United States Court of Appeals, Seventh Circuit
Jul 1, 2024
No. 23-1830 (7th Cir. Jul. 1, 2024)

Opinion

23-1830

07-01-2024

United States of America, Plaintiff-Appellee, v. Jerome D. Ford, Defendant-Appellant.


ARGUED JUNE 5, 2024

Appeal from the United States District Court for the Southern District of Indiana, Indianapolis Division. No. 1:22CR00004-001 - James Patrick Hanlon, Judge.

Before EASTERBROOK, BRENNAN, and JACKSON-AKIWUMI, Circuit Judges.

EASTERBROOK, Circuit Judge.

A district judge sentenced Jerome Ford to 96 months in prison for possessing a firearm, despite his felony conviction. 18 U.S.C. §922(g)(1). Three years of supervised release will follow Ford's release. The judgment provides, among many other conditions: "If this judgment imposes a fine or restitution, it is a condition of supervised release that the defendant pay in accordance with the Schedule of Payments sheet of this judgment." Ford's fine is $250; the court did not order him to pay restitution. All the "Schedule of Payments" sheet provides is that Ford must start paying immediately.

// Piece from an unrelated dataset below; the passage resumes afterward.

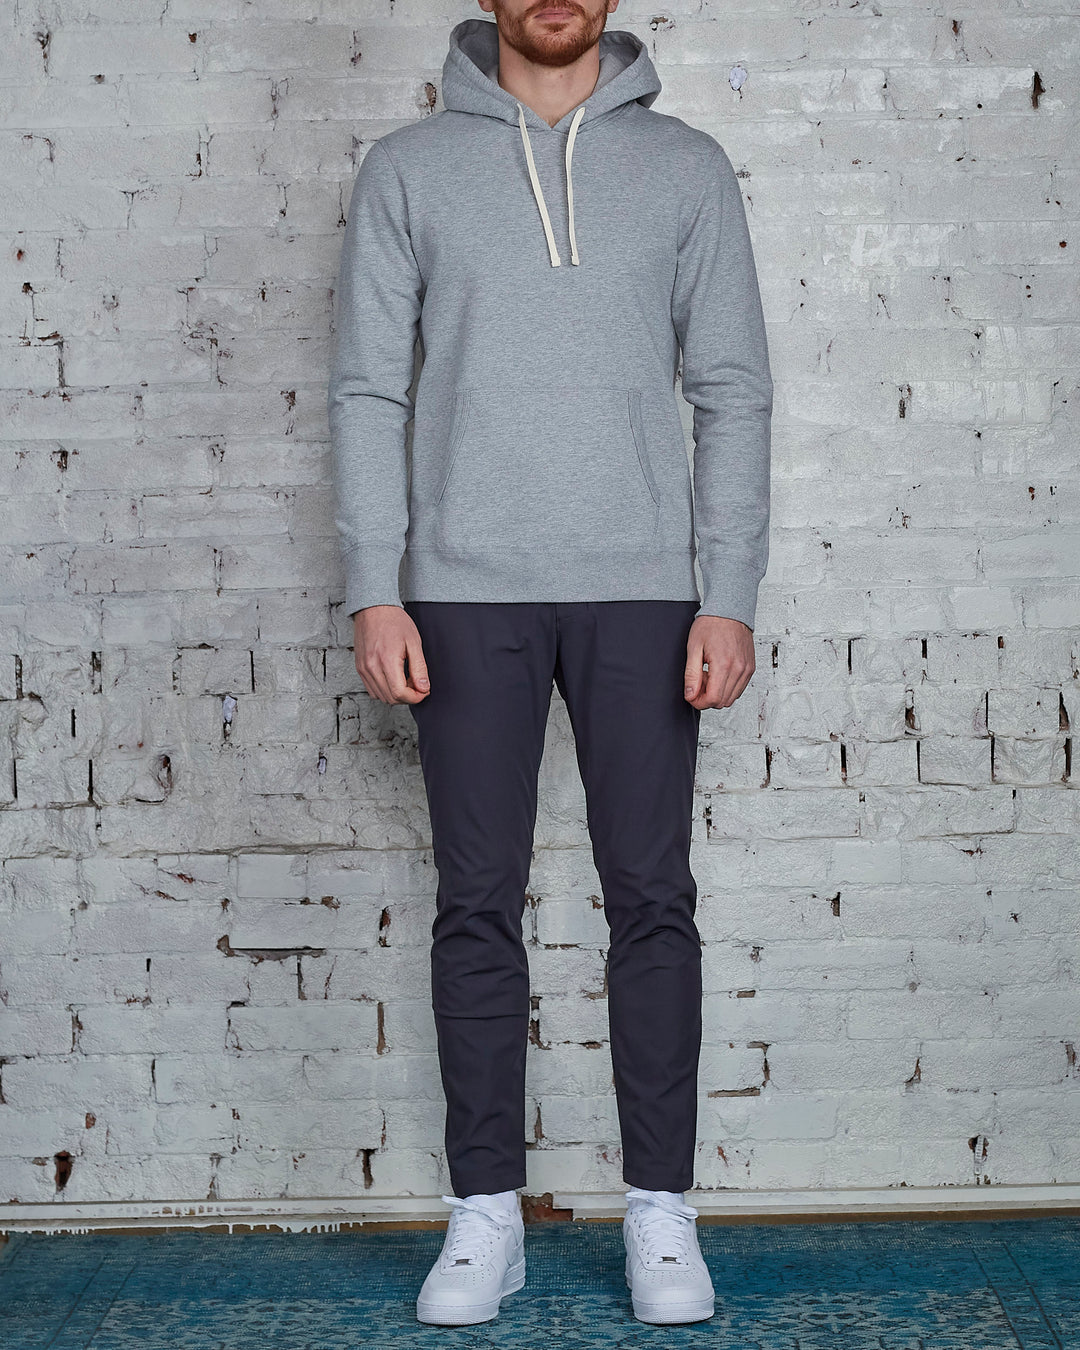 Reigning Champ Core Pullover Hood Heather Grey

Ford presents only one appellate issue. He contends that the payment condition of supervised release is unauthorized because the judge did not mention it during sentencing, and it also did not appear in the presentence report (whose recommendations were adopted orally at sentencing). When the oral pronouncement and the written judgment in a criminal case conflict, the oral pronouncement controls. See, e.g., United States v. Johnson, 765 F.3d 702, 710-11 (7th Cir. 2014); United States v. Alburay, 415 F.3d 782, 788 (7th Cir. 2005). Ford asks us to delete the payment condition from the judgment.

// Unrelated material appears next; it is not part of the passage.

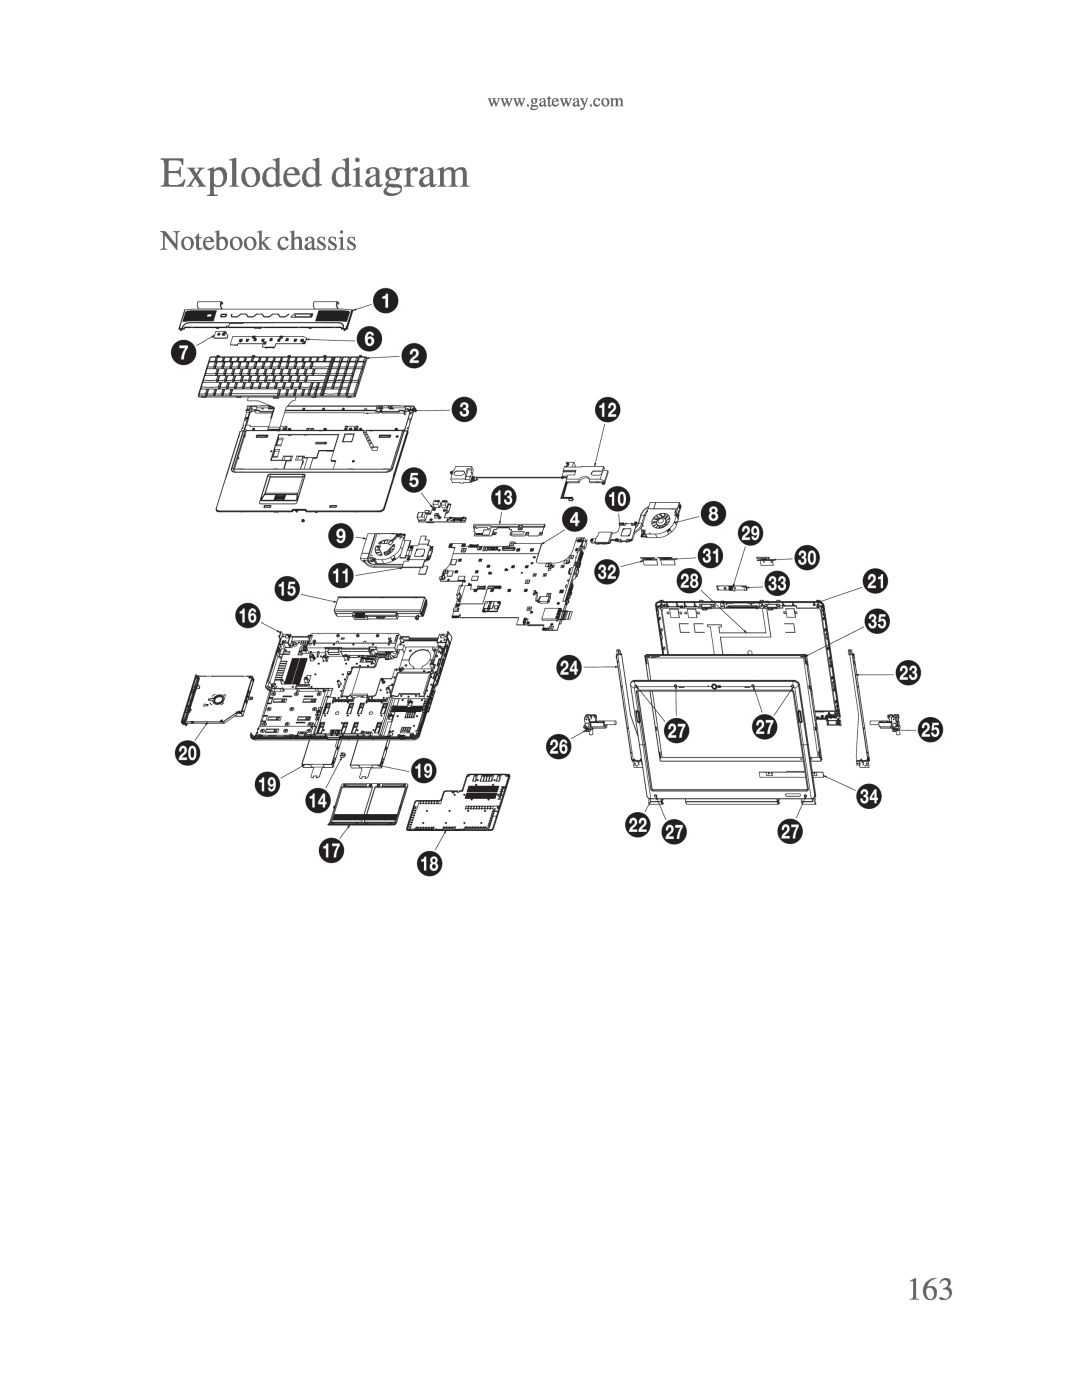 Gateway p-79 manual Exploded diagram, Notebook chassis

We have recognized at least one exception to the rule that oral prevails over written. A condition of supervision required by law (that is, a mandatory condition) need not be announced orally. United States v. Anstice, 930 F.3d 907, 909 (7th Cir. 2019). Some conditions are required by statute, see 18 U.S.C. §3583(d), but the payment condition is not in that category. It is, however, on a list of mandatory conditions in the Sentencing Guidelines. U.S.S.G. §5D1.3(a)(5). That may be how it found its way to the judgment in Ford's case. This condition is preprinted on the 2016 version of Form AO 245B (Judgment in a Criminal Case) circulated by the Administrative Office of the United States Courts-but it does not appear on the most recent version (effective September 2019). The district court used the 2019 version for the first page of Ford's judgment and took the remaining pages from the 2016 version; he did not explain why.

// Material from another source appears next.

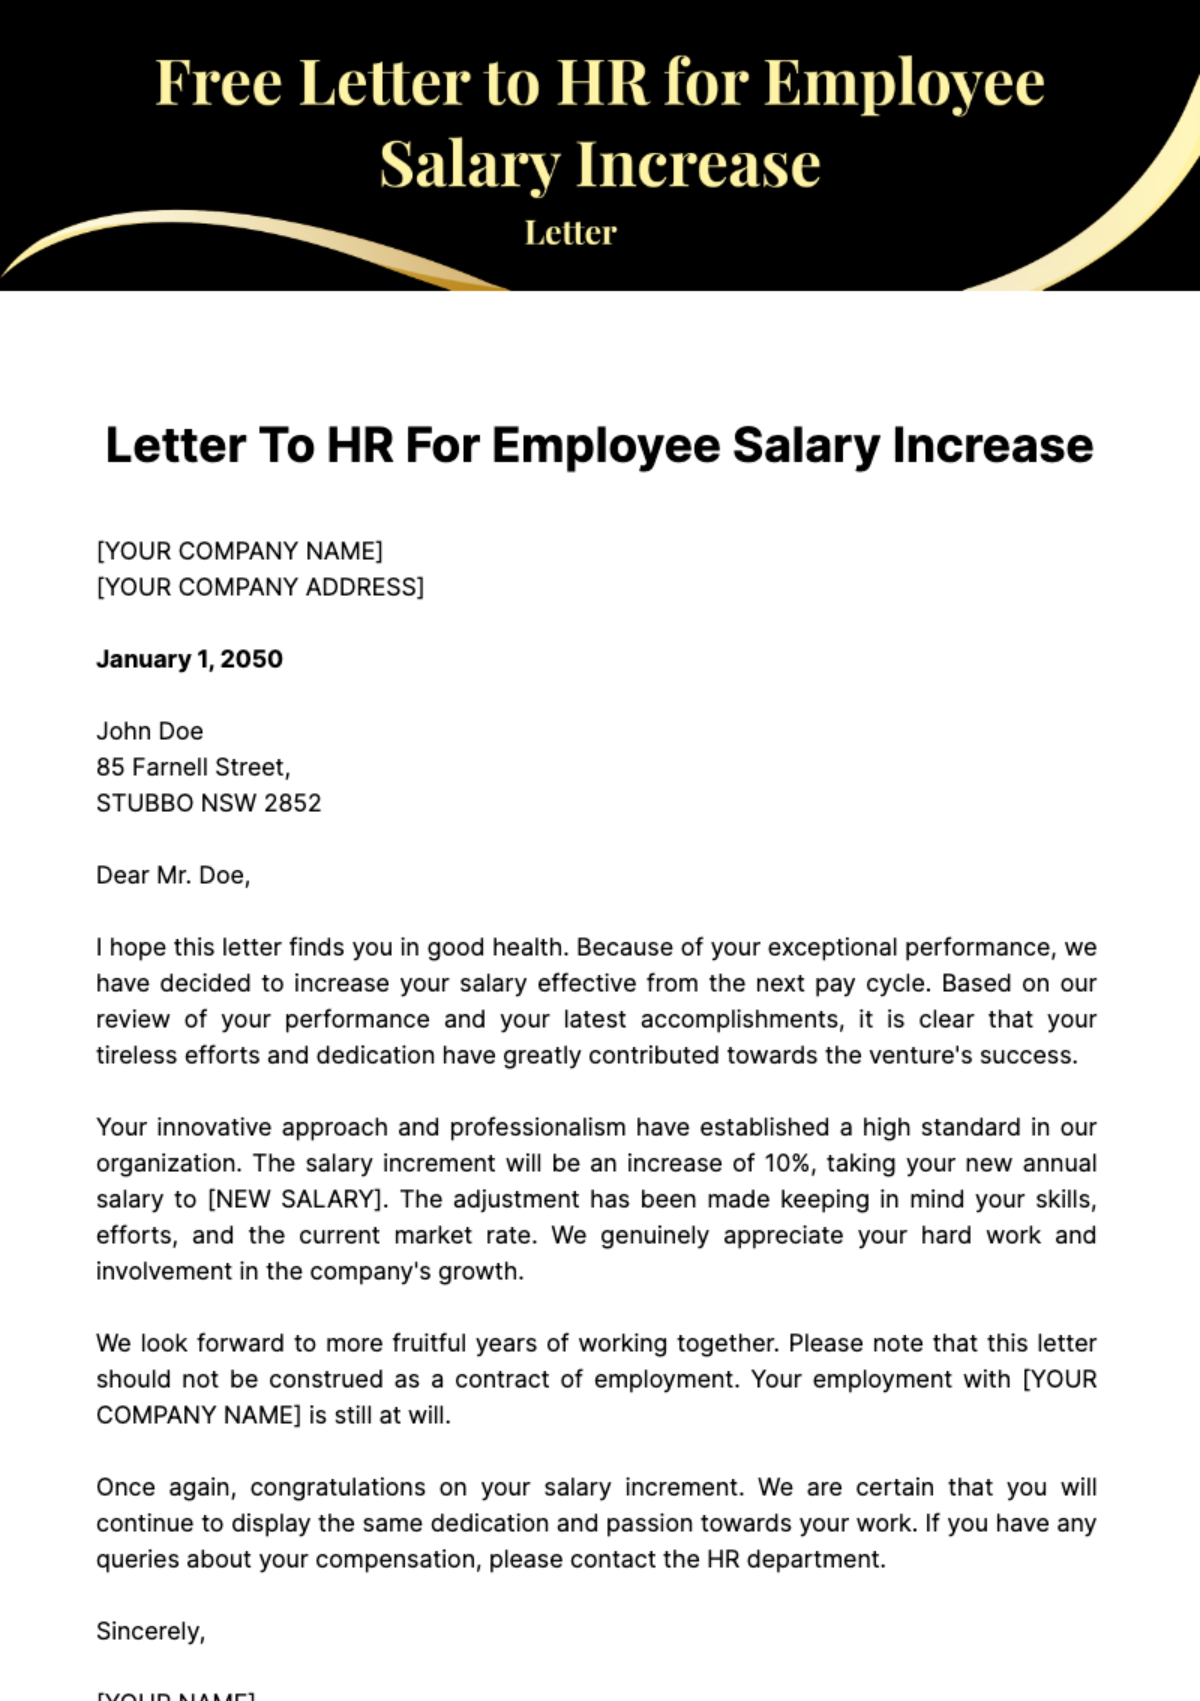 Free Letter to HR for Employee Salary Increase Template

Ford asserts that the Guidelines' list of mandatory conditions ceased being mandatory after United States v. Booker, 543 U.S. 220 (2005), declared the Guidelines to be advisory. That is not necessarily true. As an application of Apprendi v. New Jersey, 530 U.S. 466 (2000), Booker concerns the jury's role in determining minimum and maximum sentences. The remedial opinion in Booker solved the Apprendi problem by declaring that the upper and lower ends of the Guidelines' ranges are not binding. It held that 18 U.S.C. §3553(b)(1), which requires district courts to respect the minimum and maximum ranges set by the Guidelines, is invalid. 543 U.S. at 259. Neither of the two majority opinions in Booker (Justice Stevens for a majority on the merits, and Justice Breyer for a majority on the remedy) suggests that the conditions of supervised release, which are unrelated to minimum and maximum sentences and have never been the province of juries, are problematic. The remedial opinion lists 18 U.S.C. §3583, which covers supervised release, as among provisions not affected by Booker. Compare 543 U.S. at 258 with id. at 259.

As far as we know, neither the Supreme Court nor any court of appeals has held since Booker that conditions required by §3583(d) or U.S.S.G. §5D1.3 are no longer mandatory. At least one circuit has said that Booker does not affect conditions of supervised release. United States v. Reyes, 18 F.4th 1130, 1137-38 (9th Cir. 2021). Many decisions, including some in this circuit, e.g., United States v. Bangsengthong, 550 F.3d 681, 682 (7th Cir. 2008), declare broadly that "the Guidelines" are not mandatory after Booker, but none of these concerns conditions of supervised release or discusses the way the remedial opinion in Booker separated valid from invalid statutes.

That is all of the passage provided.